The Gould Evans San Francisco studio is located near the Highway 101 Central Freeway overpass: a noisy, smoggy, car-centric barrier between the SOMA and Mission neighborhoods. In 2018, we started brainstorming ideas for integrating the overpass to better serve the neighborhood. And, because Covid-19 is exacerbating the need for safe, equitable open public space – we’re seeing this piece of urban infrastructure through a new lens. How can a freeway be rethought to reduce our city’s carbon footprint? What does a truly integrated, equitable public space look like? And, what aspects does it need to make all members of the community feel welcome?
Last week, we posed these questions to a virtual audience of over 200 at San Francisco Design Week.

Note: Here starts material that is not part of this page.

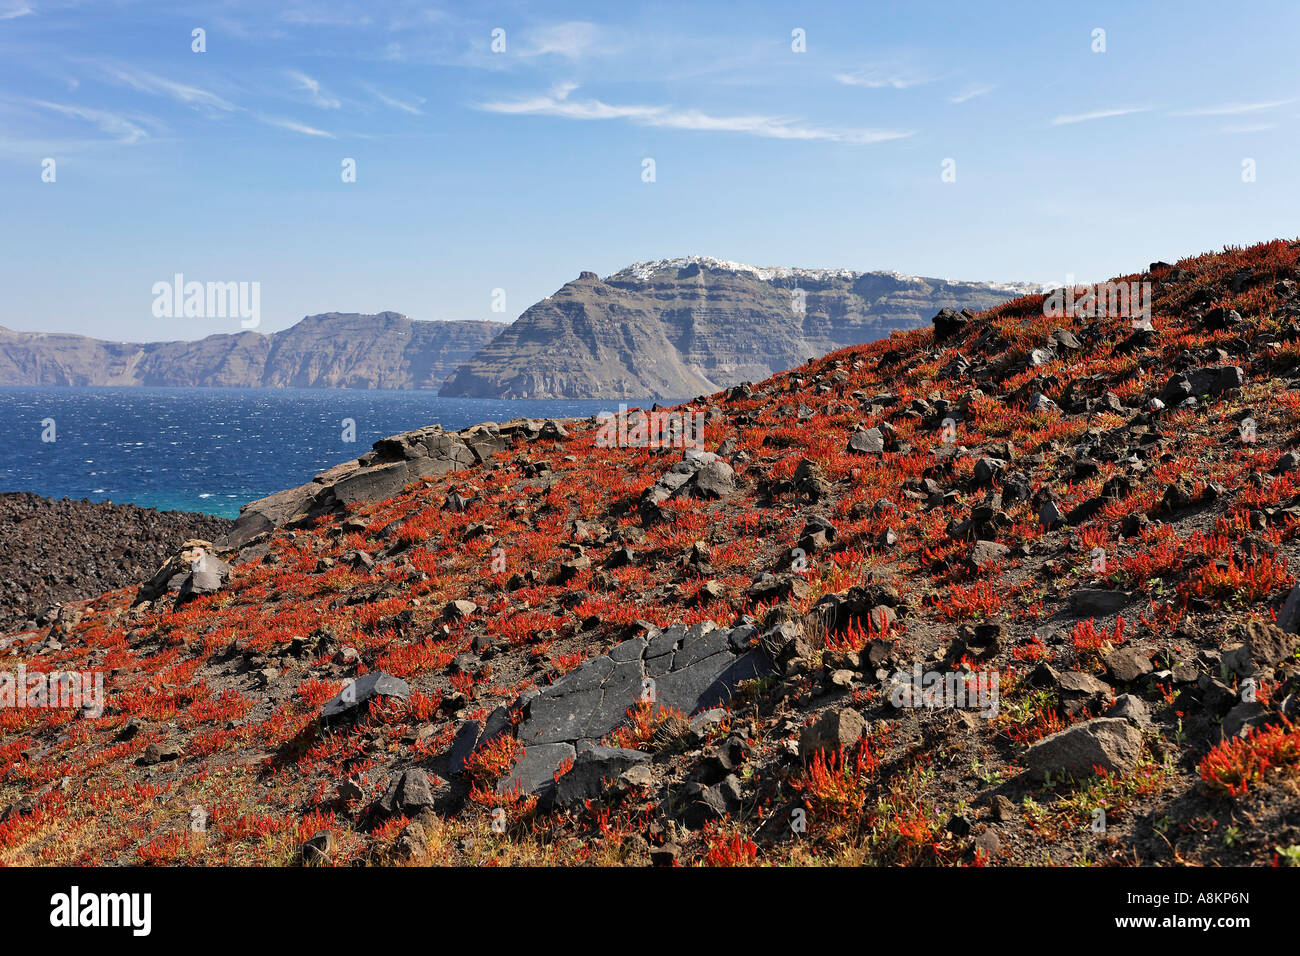 Volcanic island Nea Kameni, Santorini, Greece Stock Photo

Joined by San Francisco’s Planning Director Rich Hillis, Bob Baum and Sean Zaudke of Gould Evans presented design ideas for the Central Freeway overpass and gathered feedback from community stakeholders.
The design involves removing portions of the ¾ mile stretch of freeway near the I-80 / US-101 to the intersection of Market and Octavia street – allowing for greater sunlight penetration, greening and reduced wind conditions. An elevated pathway then weaves between the upper and lower levels creating new vistas of the city – connecting the north and south ends. The 90’ ft width and linear shape increases movement and to some extent limits large gatherings, creating a set of “urban lungs” for an otherwise dense area. Opportunities for sports, playgrounds, community arts programs and local food trucks exist throughout.
A commuter rail on the lower level, and solar and wind generators on the upper pathway pavilions, harness the power of sustainable design to help reduce our city’s carbon footprint. On the lower level, the Mission Creek that historically flowed through this area is unearthed and restored. The resulting site, a visually artful landmark, supports ecological and physical wellness.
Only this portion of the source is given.